**Task to carry out:**
Every line below between the line holding "ZUT-MAGAZINE Terrasse du" and the line holding "Kidneys Illustration. Human", inclusive, should be repeated exactly, and all other lines omitted.

**Given entries:**
════
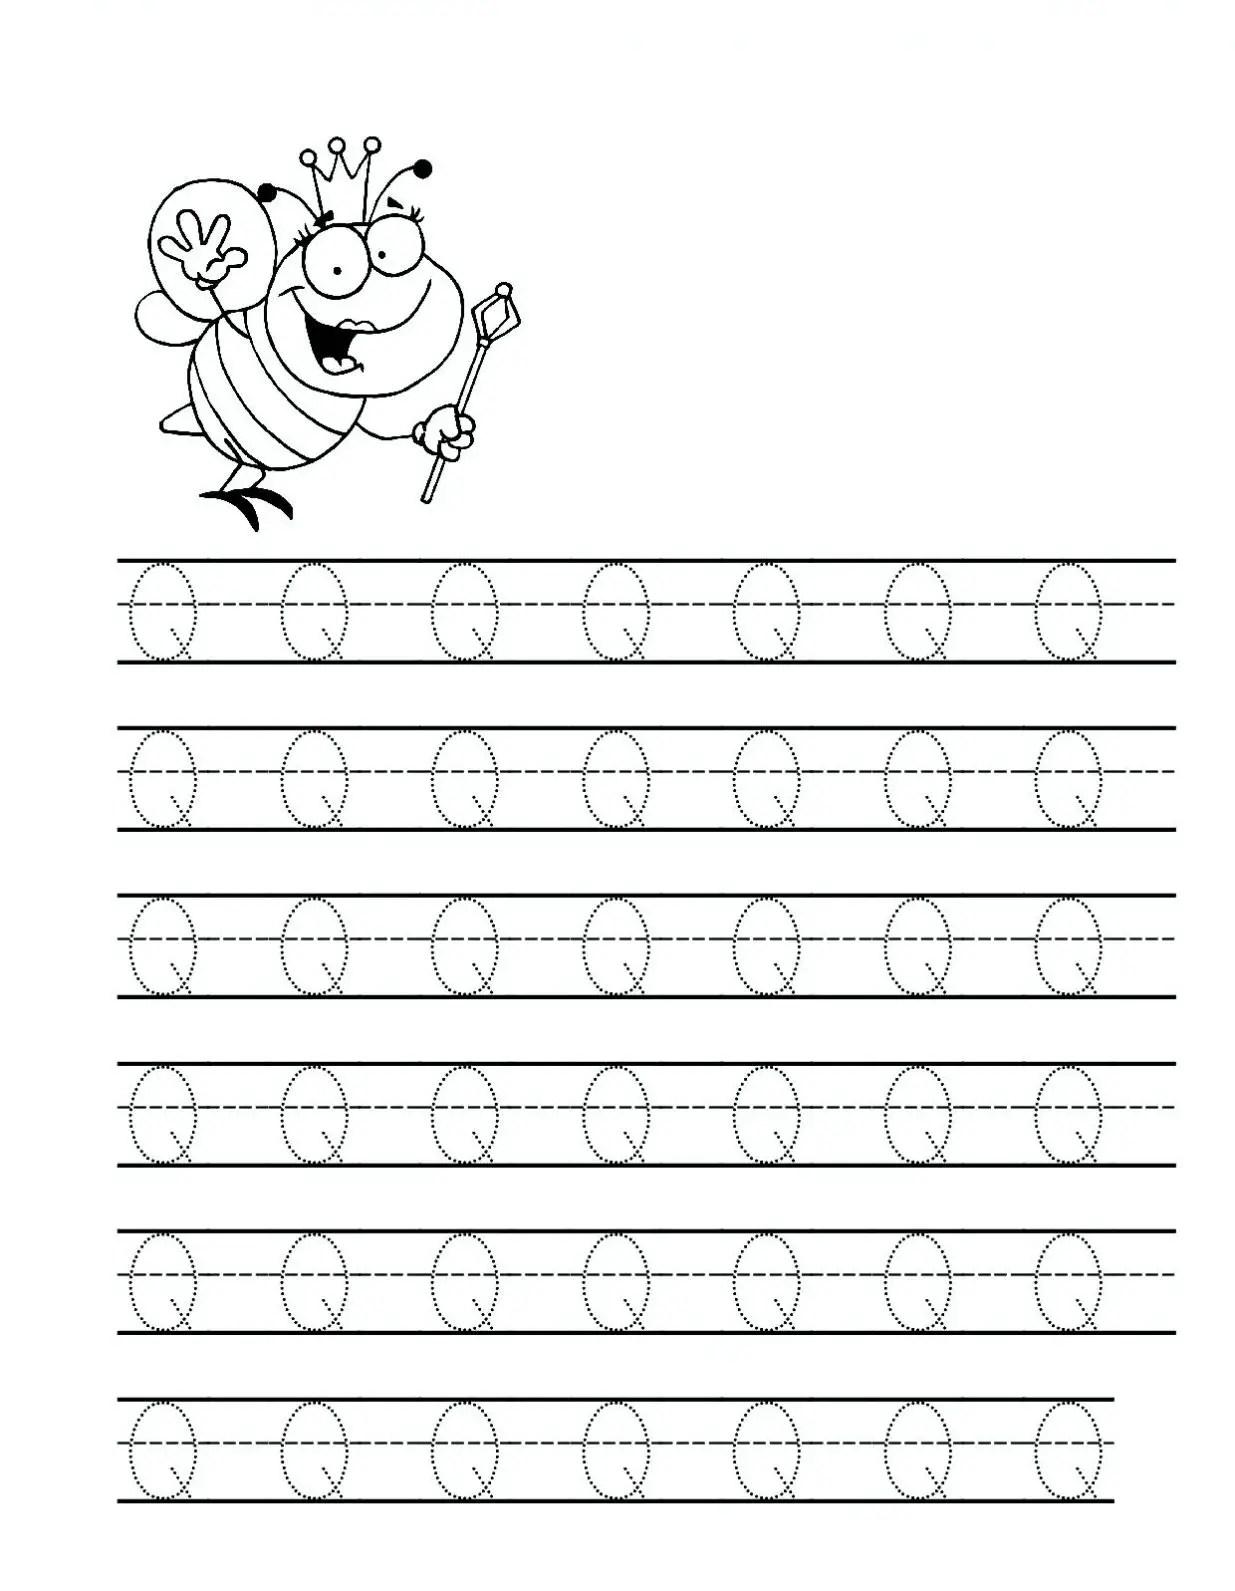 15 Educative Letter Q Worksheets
════
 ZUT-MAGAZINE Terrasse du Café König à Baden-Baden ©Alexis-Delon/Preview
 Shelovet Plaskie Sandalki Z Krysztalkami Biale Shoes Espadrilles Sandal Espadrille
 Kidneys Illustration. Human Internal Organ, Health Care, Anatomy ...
════
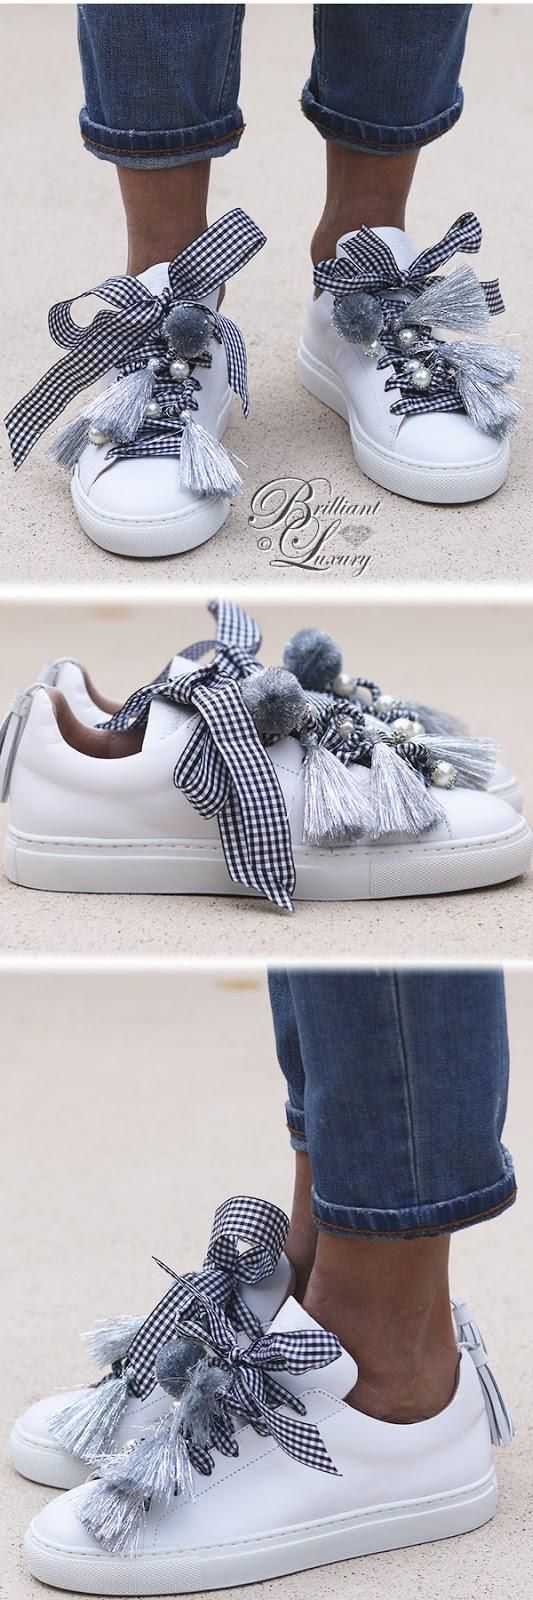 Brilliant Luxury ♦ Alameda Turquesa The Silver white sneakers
════
**Finished task:**
 ZUT-MAGAZINE Terrasse du Café König à Baden-Baden ©Alexis-Delon/Preview
 Shelovet Plaskie Sandalki Z Krysztalkami Biale Shoes Espadrilles Sandal Espadrille
 Kidneys Illustration. Human Internal Organ, Health Care, Anatomy ...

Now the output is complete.